Provided data:
☆ ☆ ☆ ☆ ☆ ☆ ☆

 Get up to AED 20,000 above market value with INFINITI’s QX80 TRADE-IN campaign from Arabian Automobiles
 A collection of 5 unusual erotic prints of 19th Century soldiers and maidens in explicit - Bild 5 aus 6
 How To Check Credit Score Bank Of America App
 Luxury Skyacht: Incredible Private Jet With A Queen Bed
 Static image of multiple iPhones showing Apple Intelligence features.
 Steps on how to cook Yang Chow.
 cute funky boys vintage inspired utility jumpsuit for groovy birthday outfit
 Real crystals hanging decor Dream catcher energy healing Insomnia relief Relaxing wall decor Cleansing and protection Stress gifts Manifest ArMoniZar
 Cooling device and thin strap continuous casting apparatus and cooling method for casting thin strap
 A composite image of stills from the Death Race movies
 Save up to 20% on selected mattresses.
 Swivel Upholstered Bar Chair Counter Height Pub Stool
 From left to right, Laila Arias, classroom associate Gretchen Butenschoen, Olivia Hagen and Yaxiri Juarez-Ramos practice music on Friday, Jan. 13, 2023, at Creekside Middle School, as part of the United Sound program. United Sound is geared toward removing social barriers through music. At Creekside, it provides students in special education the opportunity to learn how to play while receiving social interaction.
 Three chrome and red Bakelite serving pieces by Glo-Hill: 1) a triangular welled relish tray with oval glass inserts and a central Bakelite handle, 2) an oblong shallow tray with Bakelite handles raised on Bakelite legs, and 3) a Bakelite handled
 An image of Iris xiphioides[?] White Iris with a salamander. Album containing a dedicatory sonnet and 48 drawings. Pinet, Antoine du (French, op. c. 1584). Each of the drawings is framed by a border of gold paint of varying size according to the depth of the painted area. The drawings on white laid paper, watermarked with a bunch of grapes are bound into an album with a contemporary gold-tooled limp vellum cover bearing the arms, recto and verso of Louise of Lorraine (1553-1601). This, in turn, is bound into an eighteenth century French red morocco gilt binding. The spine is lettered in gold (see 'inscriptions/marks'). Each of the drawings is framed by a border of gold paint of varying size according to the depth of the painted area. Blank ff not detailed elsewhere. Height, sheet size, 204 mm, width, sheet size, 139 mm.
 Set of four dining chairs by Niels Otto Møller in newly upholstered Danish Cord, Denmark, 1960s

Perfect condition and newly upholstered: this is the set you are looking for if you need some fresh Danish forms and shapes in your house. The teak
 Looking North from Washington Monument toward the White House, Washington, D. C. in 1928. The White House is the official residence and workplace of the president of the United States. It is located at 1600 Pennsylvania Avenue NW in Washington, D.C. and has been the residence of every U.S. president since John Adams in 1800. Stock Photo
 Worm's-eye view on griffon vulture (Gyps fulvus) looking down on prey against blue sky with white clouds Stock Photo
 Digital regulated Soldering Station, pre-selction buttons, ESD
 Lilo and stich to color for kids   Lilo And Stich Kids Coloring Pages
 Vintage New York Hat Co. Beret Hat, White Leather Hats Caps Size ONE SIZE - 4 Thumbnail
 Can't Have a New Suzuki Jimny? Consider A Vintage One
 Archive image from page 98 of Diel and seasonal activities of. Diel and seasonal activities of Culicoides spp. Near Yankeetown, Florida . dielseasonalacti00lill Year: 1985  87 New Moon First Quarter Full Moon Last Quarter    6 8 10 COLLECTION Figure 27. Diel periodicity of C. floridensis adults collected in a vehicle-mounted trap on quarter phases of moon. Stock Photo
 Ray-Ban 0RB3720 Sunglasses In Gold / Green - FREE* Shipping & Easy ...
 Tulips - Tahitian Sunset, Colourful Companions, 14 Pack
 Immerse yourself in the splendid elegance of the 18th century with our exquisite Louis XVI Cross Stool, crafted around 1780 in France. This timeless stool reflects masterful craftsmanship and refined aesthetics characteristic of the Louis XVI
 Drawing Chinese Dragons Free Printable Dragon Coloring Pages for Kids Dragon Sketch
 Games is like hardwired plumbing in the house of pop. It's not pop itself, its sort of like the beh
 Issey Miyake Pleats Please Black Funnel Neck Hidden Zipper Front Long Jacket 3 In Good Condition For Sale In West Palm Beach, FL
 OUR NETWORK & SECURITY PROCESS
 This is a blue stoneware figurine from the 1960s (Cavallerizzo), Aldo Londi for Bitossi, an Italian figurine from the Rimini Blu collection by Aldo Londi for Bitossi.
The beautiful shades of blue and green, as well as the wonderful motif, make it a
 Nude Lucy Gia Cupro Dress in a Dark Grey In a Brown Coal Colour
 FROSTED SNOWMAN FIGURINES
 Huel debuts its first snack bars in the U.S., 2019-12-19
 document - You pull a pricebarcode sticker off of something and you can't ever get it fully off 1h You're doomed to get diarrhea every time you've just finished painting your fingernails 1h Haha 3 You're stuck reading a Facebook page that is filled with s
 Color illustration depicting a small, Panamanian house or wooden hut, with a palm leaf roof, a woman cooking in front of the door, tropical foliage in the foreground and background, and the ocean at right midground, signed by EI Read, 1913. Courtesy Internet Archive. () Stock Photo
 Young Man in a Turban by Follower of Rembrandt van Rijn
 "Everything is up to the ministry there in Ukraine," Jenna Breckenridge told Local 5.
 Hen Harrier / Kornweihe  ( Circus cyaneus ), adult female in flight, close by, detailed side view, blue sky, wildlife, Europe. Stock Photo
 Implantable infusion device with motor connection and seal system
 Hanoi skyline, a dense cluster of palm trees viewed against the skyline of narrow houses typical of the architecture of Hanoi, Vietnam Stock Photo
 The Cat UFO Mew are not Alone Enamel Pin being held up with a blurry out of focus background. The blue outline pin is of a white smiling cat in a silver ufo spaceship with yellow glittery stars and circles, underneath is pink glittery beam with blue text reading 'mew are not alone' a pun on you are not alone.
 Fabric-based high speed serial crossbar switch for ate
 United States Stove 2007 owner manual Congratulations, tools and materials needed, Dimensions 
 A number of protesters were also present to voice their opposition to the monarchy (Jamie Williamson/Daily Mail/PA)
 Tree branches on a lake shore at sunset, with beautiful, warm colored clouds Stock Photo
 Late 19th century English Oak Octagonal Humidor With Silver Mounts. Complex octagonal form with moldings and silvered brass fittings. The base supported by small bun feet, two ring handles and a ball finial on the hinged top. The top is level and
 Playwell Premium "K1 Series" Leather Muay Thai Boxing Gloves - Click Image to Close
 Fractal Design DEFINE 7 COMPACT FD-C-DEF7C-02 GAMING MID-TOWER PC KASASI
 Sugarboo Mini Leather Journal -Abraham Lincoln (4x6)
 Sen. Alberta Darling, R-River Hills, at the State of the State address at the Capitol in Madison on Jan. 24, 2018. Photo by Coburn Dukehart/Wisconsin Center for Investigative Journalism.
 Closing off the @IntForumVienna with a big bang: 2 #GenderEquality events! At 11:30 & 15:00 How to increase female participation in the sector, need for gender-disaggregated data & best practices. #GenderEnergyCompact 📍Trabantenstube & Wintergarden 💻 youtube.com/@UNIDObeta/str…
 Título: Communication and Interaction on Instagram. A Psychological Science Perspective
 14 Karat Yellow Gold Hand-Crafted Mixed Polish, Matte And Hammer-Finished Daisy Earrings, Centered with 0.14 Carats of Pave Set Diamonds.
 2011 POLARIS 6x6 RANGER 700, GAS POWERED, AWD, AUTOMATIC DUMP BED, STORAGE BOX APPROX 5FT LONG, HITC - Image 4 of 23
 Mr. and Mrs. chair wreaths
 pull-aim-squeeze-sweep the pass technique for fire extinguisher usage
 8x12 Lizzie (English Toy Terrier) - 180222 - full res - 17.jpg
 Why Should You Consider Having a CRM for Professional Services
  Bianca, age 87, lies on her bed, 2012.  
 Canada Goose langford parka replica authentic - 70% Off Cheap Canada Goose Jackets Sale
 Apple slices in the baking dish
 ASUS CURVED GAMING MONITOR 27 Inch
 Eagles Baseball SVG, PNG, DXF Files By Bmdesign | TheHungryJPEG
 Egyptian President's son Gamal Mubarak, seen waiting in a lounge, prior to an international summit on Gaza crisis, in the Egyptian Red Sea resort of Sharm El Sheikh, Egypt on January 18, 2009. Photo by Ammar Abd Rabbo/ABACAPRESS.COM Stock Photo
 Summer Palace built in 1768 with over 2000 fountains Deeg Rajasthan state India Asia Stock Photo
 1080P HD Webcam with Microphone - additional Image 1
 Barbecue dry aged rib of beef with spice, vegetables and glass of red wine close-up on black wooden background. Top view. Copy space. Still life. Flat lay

☆ ☆ ☆ ☆ ☆ ☆ ☆

What you need to do: Given the data above, transcribe exactly the lines from the one containing "8x12 Lizzie (English" down to the one containing "1080P HD Webcam", and no others.

Answer section:
 8x12 Lizzie (English Toy Terrier) - 180222 - full res - 17.jpg
 Why Should You Consider Having a CRM for Professional Services
  Bianca, age 87, lies on her bed, 2012.  
 Canada Goose langford parka replica authentic - 70% Off Cheap Canada Goose Jackets Sale
 Apple slices in the baking dish
 ASUS CURVED GAMING MONITOR 27 Inch
 Eagles Baseball SVG, PNG, DXF Files By Bmdesign | TheHungryJPEG
 Egyptian President's son Gamal Mubarak, seen waiting in a lounge, prior to an international summit on Gaza crisis, in the Egyptian Red Sea resort of Sharm El Sheikh, Egypt on January 18, 2009. Photo by Ammar Abd Rabbo/ABACAPRESS.COM Stock Photo
 Summer Palace built in 1768 with over 2000 fountains Deeg Rajasthan state India Asia Stock Photo
 1080P HD Webcam with Microphone - additional Image 1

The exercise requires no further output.